DSG Technology's(Walnut, CA -- 909-595-8908, www.dsgtechnology.com) InterStar is another take on the idea of a VoIP appliance for SOHO users. Its most notable quality is that it doesn't need a PC to operate, just an analog phone and a network connection -- making Internet calling that much closer to regular calling. InterStar is the Ethernet-compatible sister to IPStar, a similar product made for dial-up users that DSG released last year.

Setting it up is simple. Connect the box to a DSL, cable modem, or LAN port, and plug an analog phone into one of two RJ-11 jacks (the other is a line jack that lets you configure InterStar as an analog extension off your PBX or key system). We plugged the box directly into an Ethernet port on our LAN using the included CAT 5 cable. The device needs to be given a static IP address, as well as a subnet mask and gateway address. All of this information is displayed on the InterStar's backlit LCD, and can be entered using either the arrow keys on the box itself or, more conveniently, the keypad of the attached telephone. You can also use the phone to enter names and numbers into InterStar's 100-number, on-screen phone directory.

It took us about fifteen minutes to get two boxes set up and operational, placing calls from the handset of one Interstar to that of another.
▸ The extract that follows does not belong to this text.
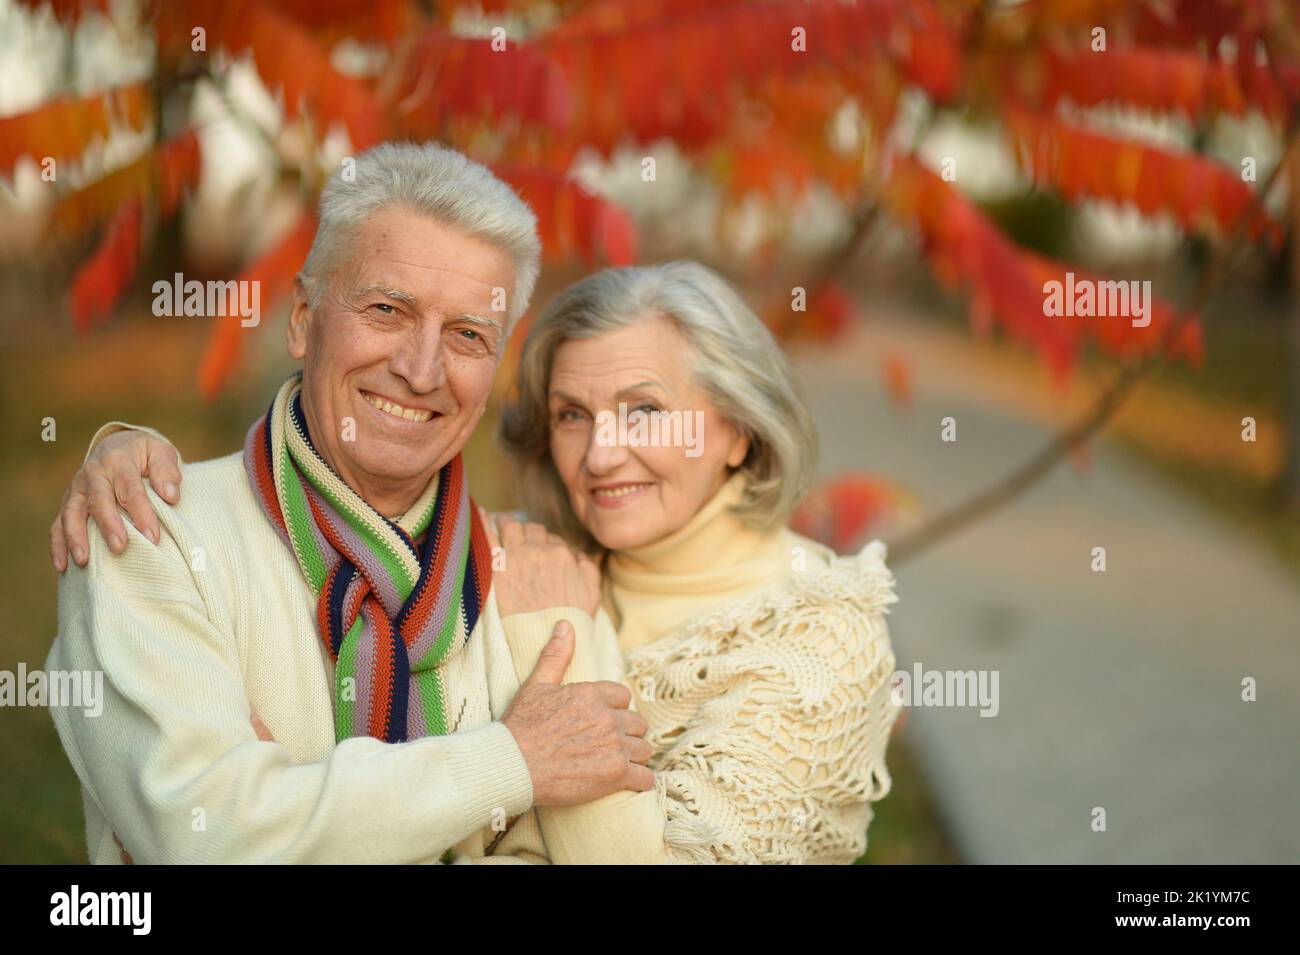 Nice elderly couple in a autumn park Stock Photo

To call from device to device, you can dial the static IP address directly, or dial a two-digit speed dial number from your own personal directory, or a six-digit product ID number pre-programmed into each box. In the latter case, the product IDs are stored in a centralized database, with which the box registers itself once the user has given it an IP address.
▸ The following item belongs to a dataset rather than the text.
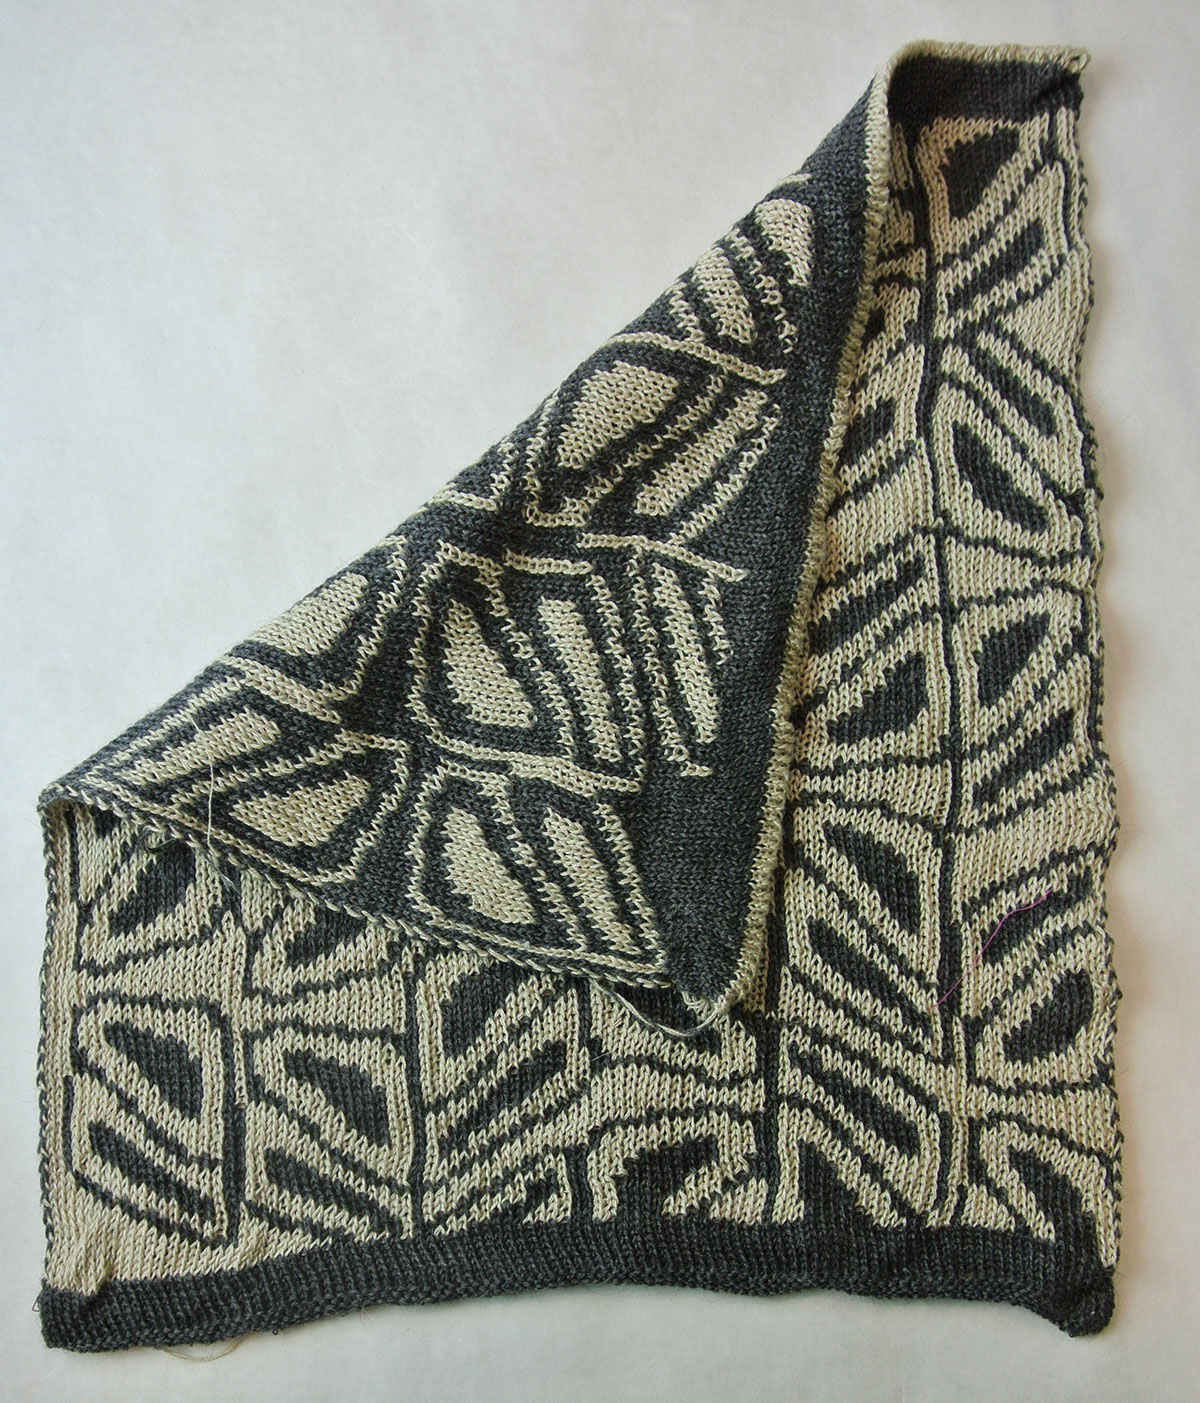 knitting machine knitting shima seiki moths jacquard pointelle Textiles fabric knitwear wings butterfly wing moth wing pattern knit design

When the six-digit number of another device is dialed, a query is sent to the database server and the associated IP address is found for routing. (Hint to ambitious service providers: DSG also had the bright idea to use this updated, centralized repository of registered users to periodically push advertising and promotional information to the boxes' LCD displays -- a clever way of branding an "enhanced services" device.)

DSG also offers InterStar-to-phone calling services, through which calls sent out over the Internet are routed through a network of VoIP gateways and locally passed off to the destination phone number. DSG not only maintains the global network, but develops and manufactures the gateway itself -- the ITSP IP2000 -- which it also offers to third-party providers. To use the DSG network, you need to set up a prepaid account, which can be done online. You're given a ten-digit account number, which you can then program into the InterStar box, and credit is automatically deducted from your account based on usage. InterStar-to-phone calls are dialed just like a regular phone call -- 1+ or 011+ and the destination phone number.
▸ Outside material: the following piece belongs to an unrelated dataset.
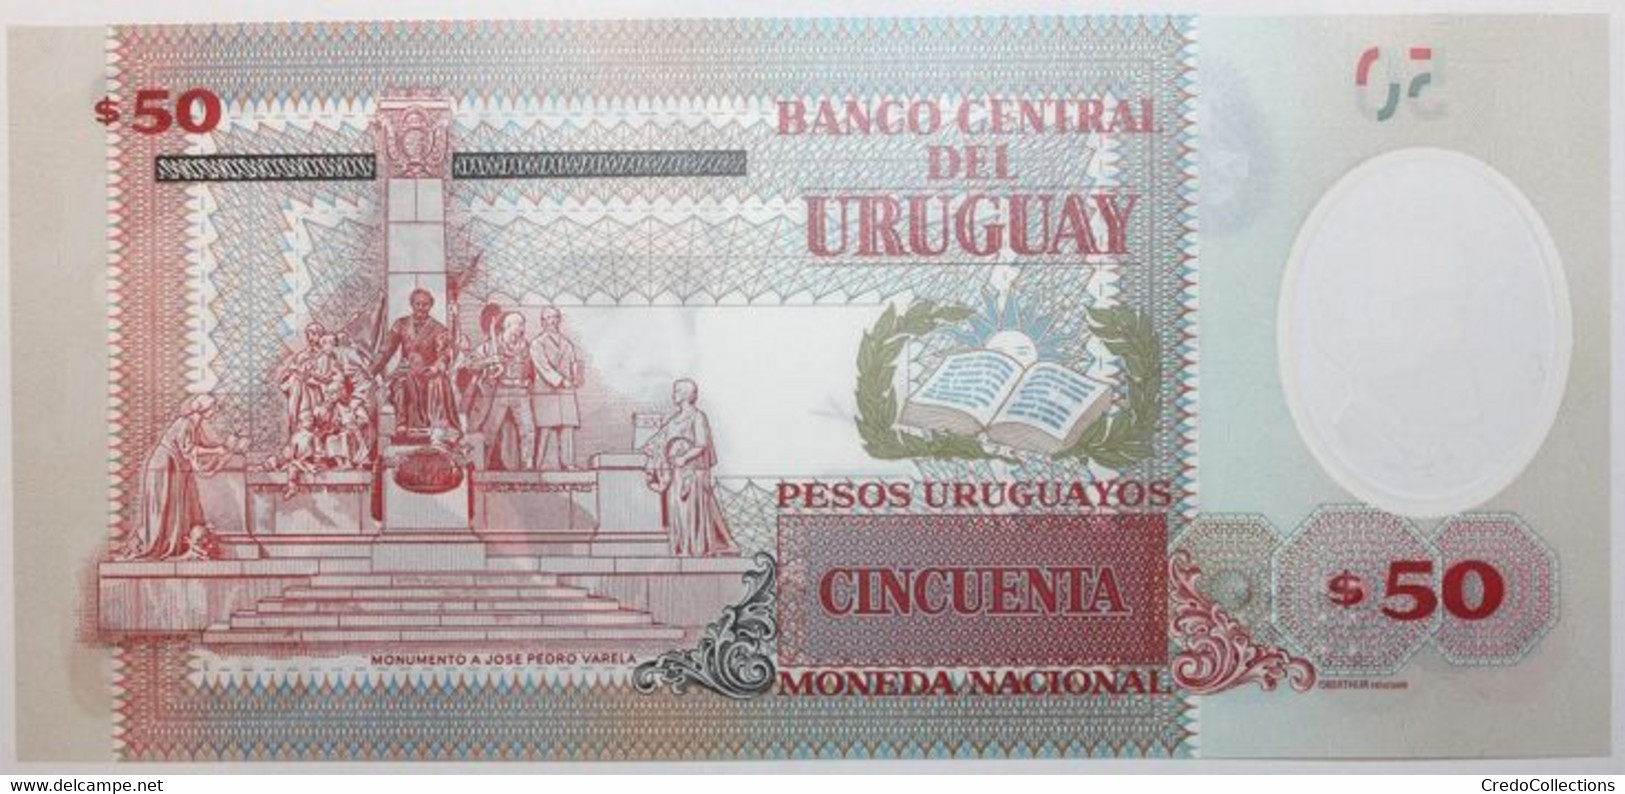 Uruguay - 50 Pesos Uruguayos - 2020 - PICK 102a - NEUF - Uruguay

InterStar scores major points for ease of use: Pick up the phone, get "dial tone," and dial. Voice quality, however, was somewhat erratic -- at times clear and uncompressed sounding, at others garbled, with long delays. A large part of the problem could undoubtedly be blamed on Internet traffic, rather than the device itself, but we were somewhat disappointed to find some of the same problems on InterStar-to-phone, where the minutes were not free. DSG is by no means alone in this respect, but one should simply be warned that voice quality on the public Internet still has a long, long way to go. The InterStar is currently shipping, at an SRP of $299 per unit.